Your brain is also very good at protecting you. It has an amygdala, a tiny almond-shaped part that acts like a smoke alarm. When it senses danger, it takes over and prepares you to fight, run away, or freeze. This kept our ancestors safe from tigers, even if today it sometimes goes off just because you have to give a speech in class.
The brain itself cannot feel pain. Even though it processes pain signals from your whole body, the brain tissue has no pain receptors. This is why surgeons can sometimes perform brain surgery while the patient is awake and talking!
As you go through your day, remember that your brain is listening to everything you do. It is absorbing the world, building new paths, and trying to make sense of the universe. It is the only organ that has named itself!
Something to Think About
If you could swap brains with your pet for one hour, would you still be 'you' inside a dog's body, or would you simply be a dog?
There is no right answer to this question.

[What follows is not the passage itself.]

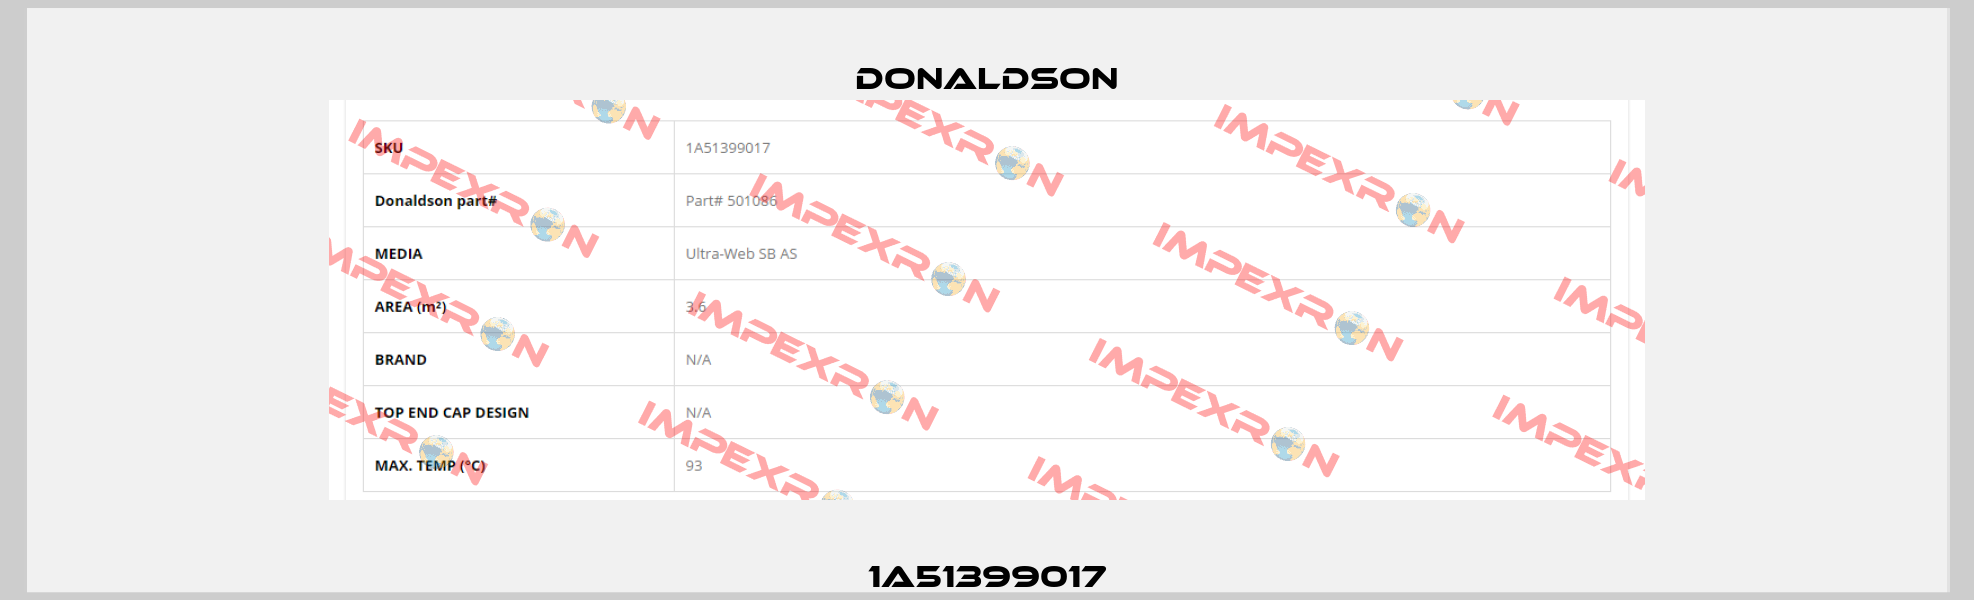 1A51399017 Donaldson

It's something philosophers and scientists have argued about for hundreds of years. What do you think makes you who you are?
Questions About Psychology
Does a bigger brain make you smarter?
Do we really only use 10 percent of our brains?
Can the brain get tired?
The Explorer in the Mirror
The next time you look in the mirror, remember that you are looking at a master of the universe. Behind your eyes is a three-pound wonder that can imagine things that don't exist, remember things from years ago, and ponder its own existence. Your brain is the tool you use to build your world, and the more you use it, the more it grows.